START SUPPLIED MATERIAL
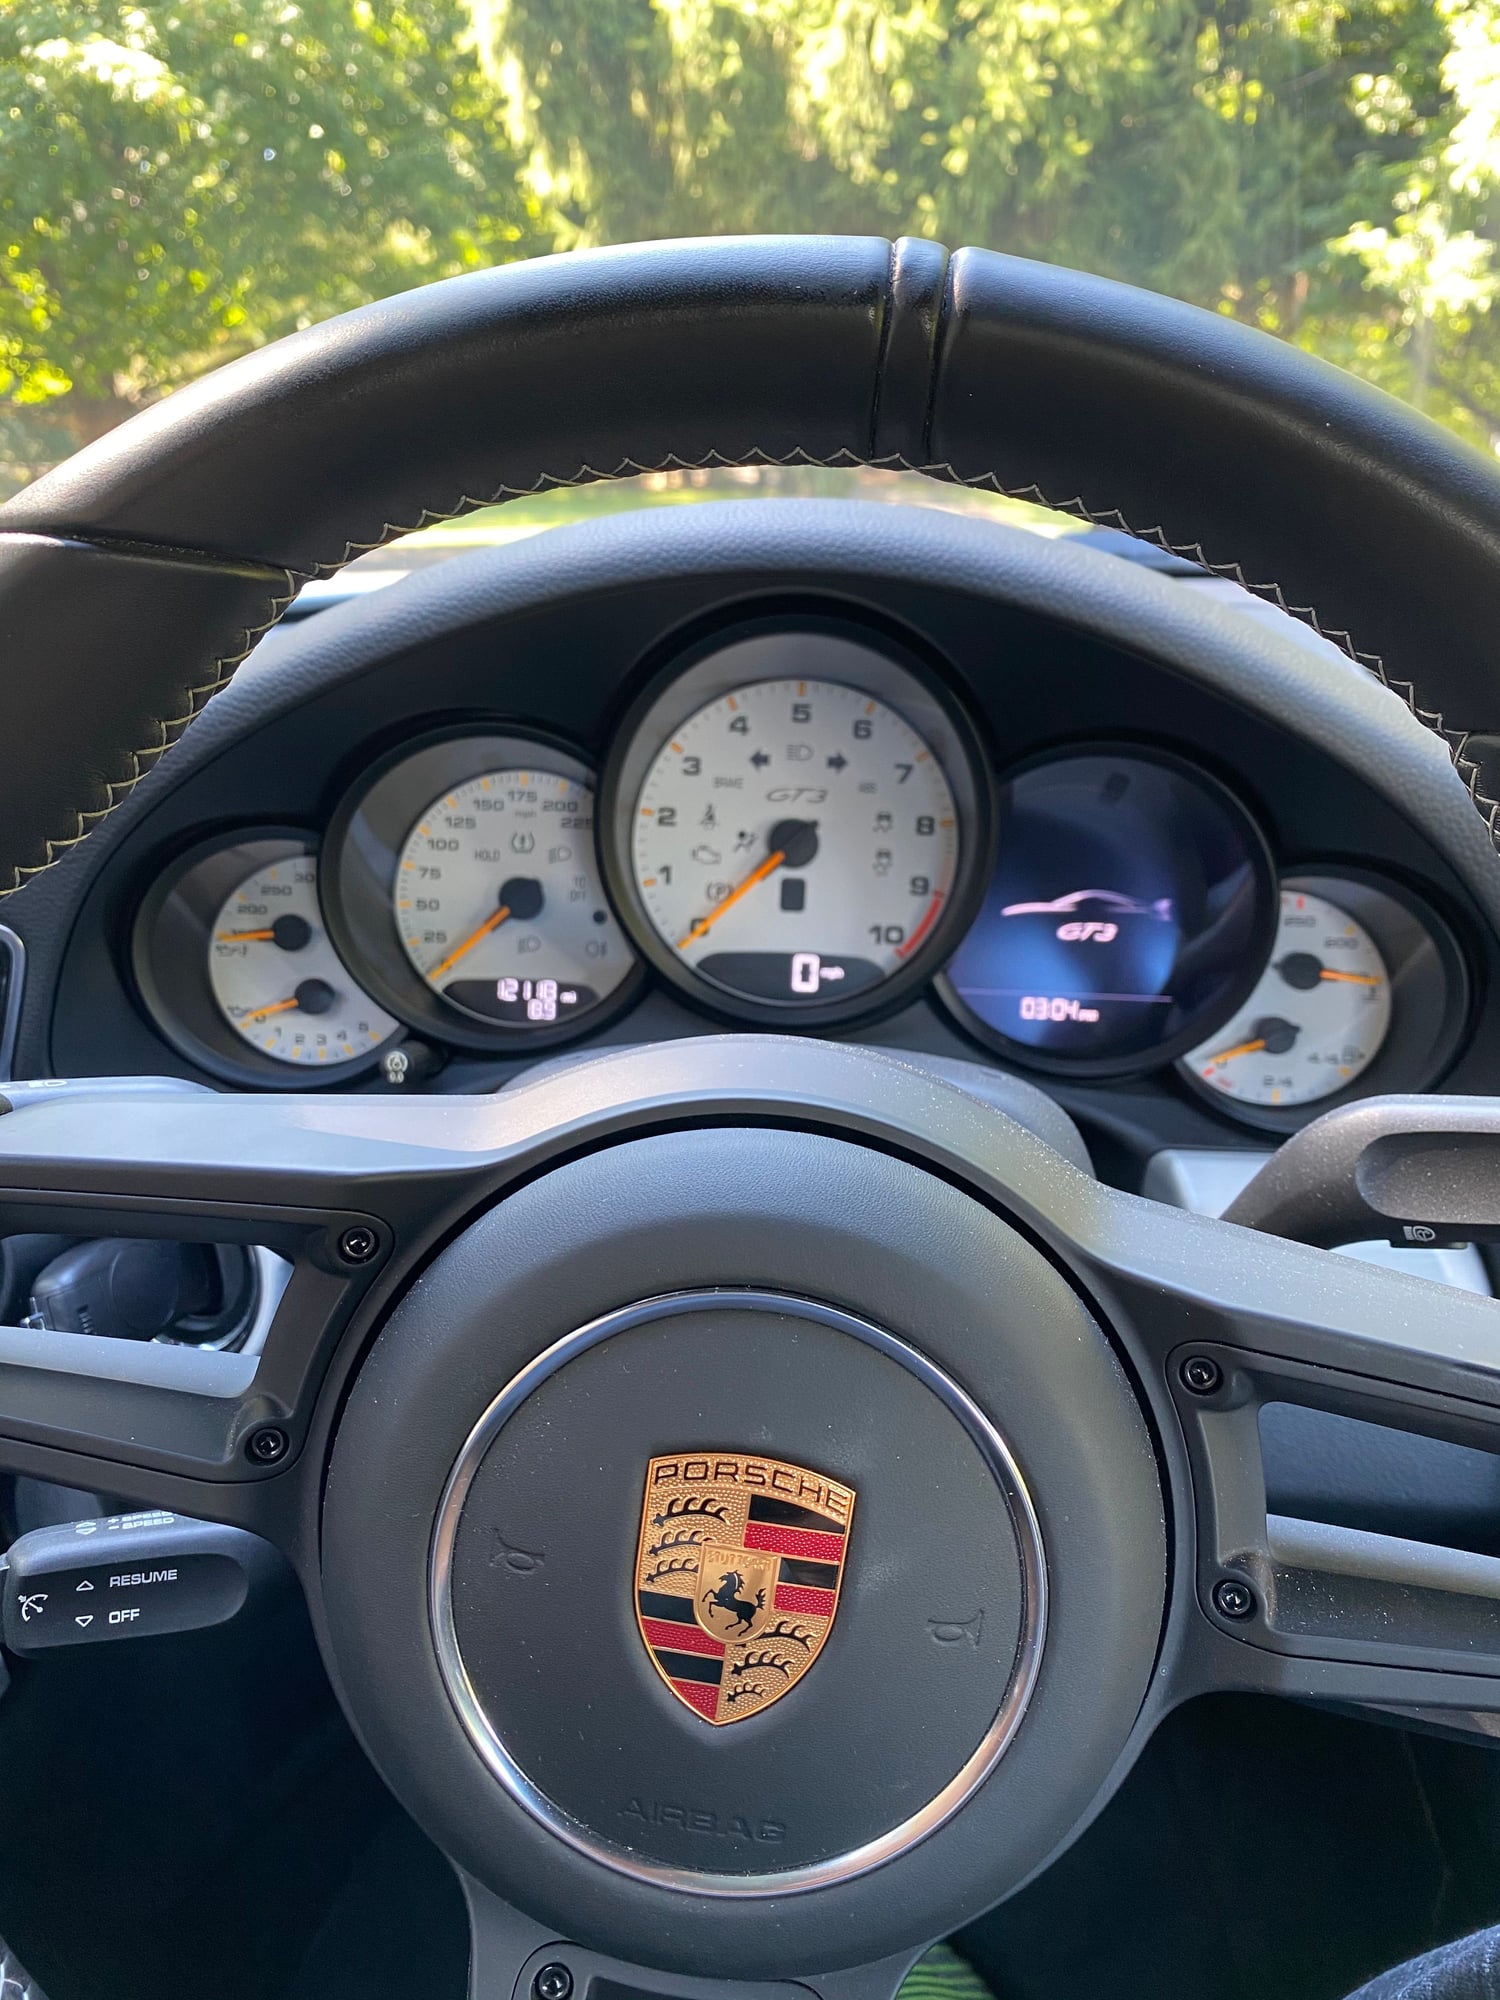 2018 Porsche 911 - 2018 Porsche GT3 6MT - New - VIN WP0AC2A98JS176577 - 12,000 Miles - 6 cyl - 2WD - Manual - Coupe - White - Barrington, IL 60010, United States
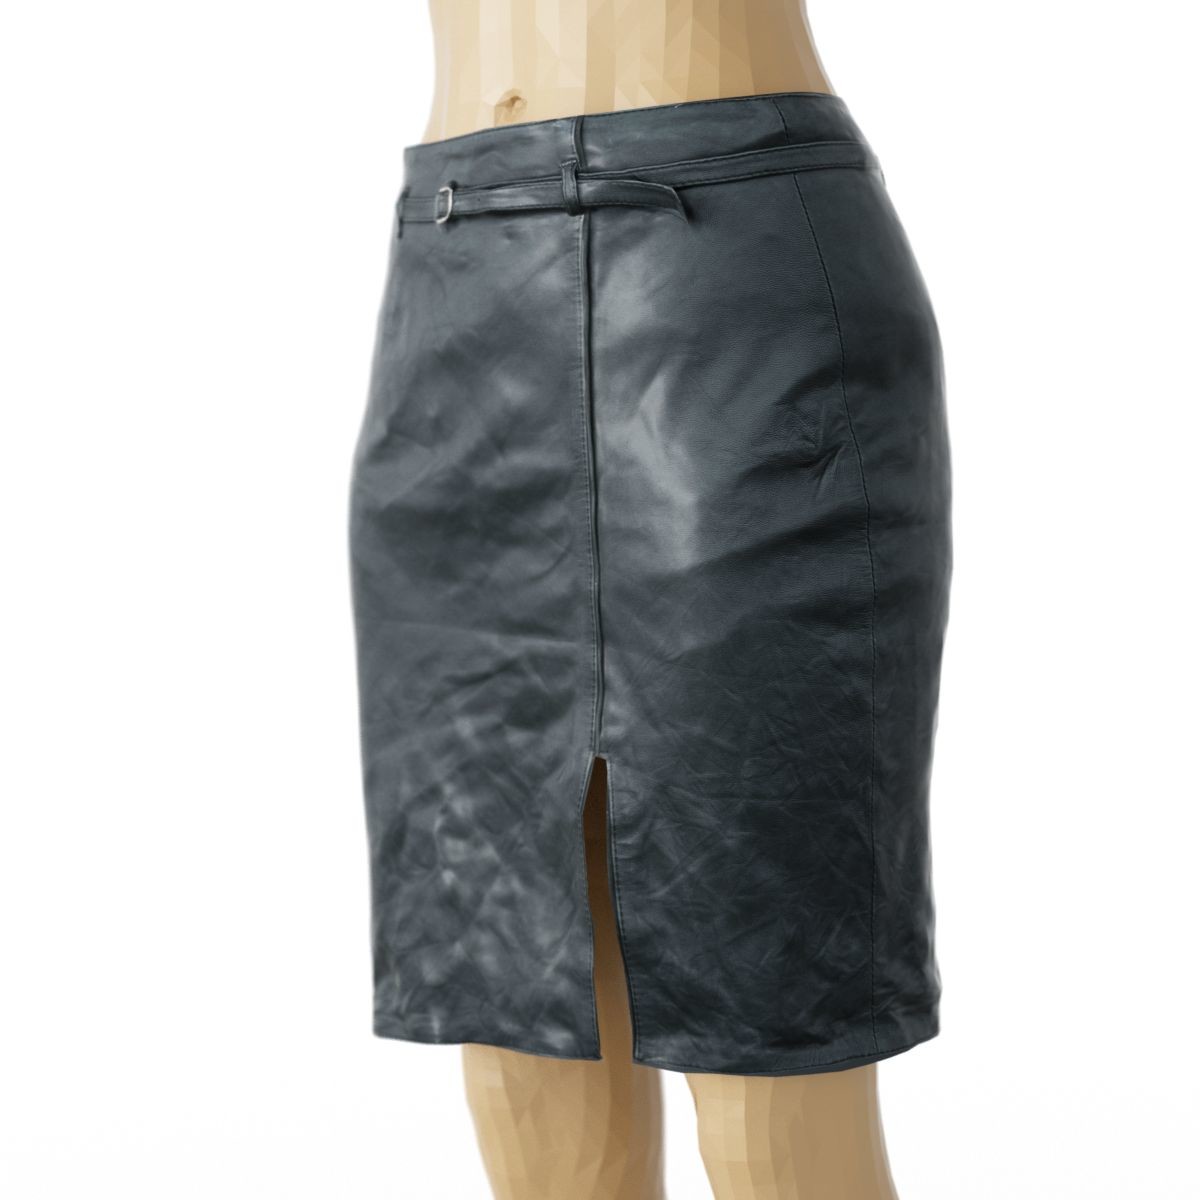 ArtStation - Vintage Skirt Black Leather | Resources
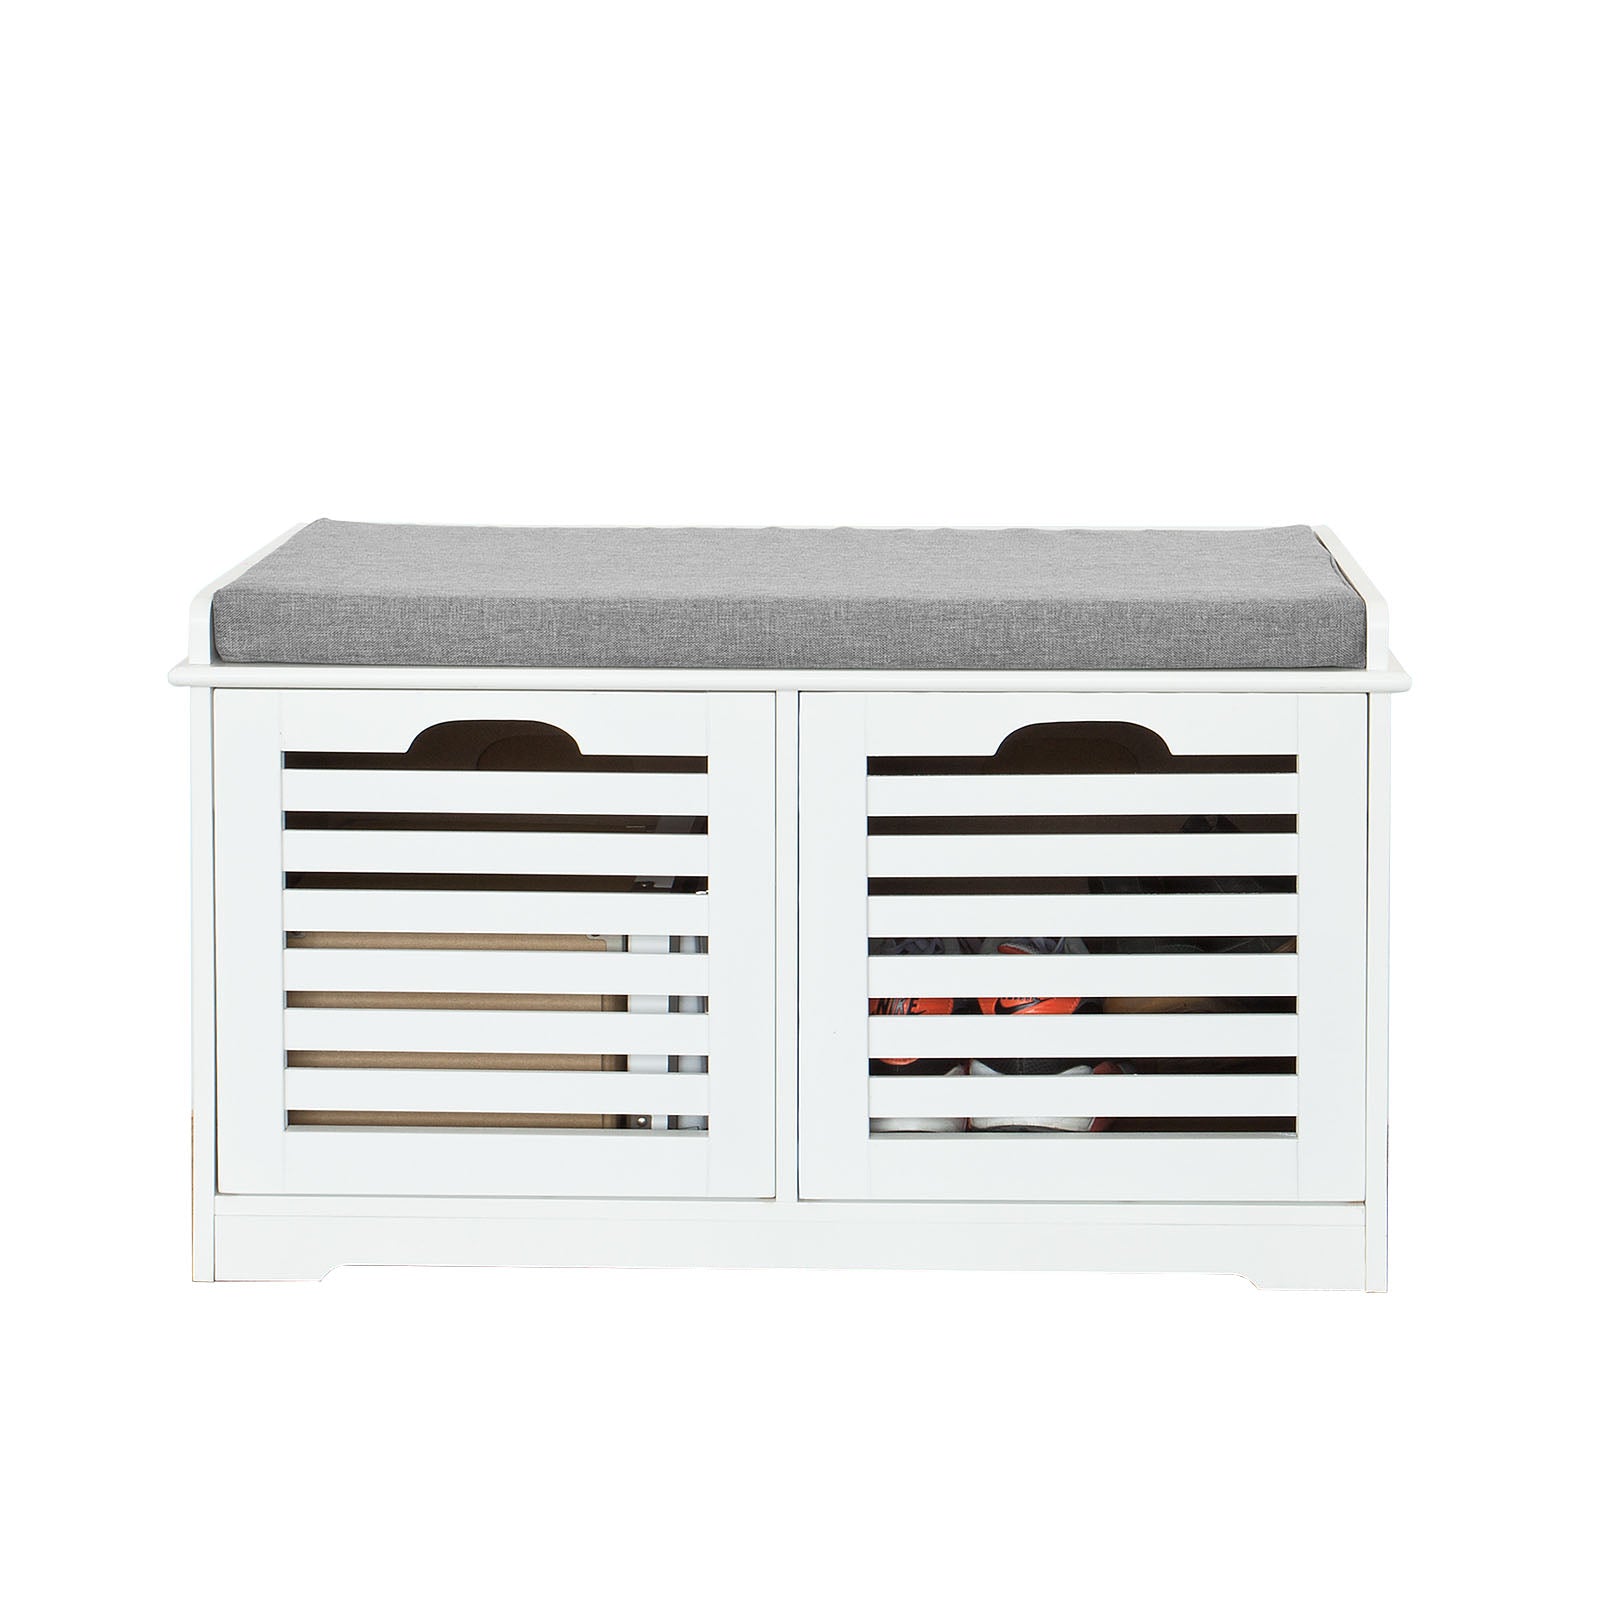 SoBuy Shoe Storage Bench with 2 Drawers & Cushion,FSR23-K-W
END SUPPLIED MATERIAL
Do not include the pictures. Quote only the lines from the line with "ArtStation - Vintage" through the end of the material, both ends included, exactly.

 ArtStation - Vintage Skirt Black Leather | Resources
 SoBuy Shoe Storage Bench with 2 Drawers & Cushion,FSR23-K-W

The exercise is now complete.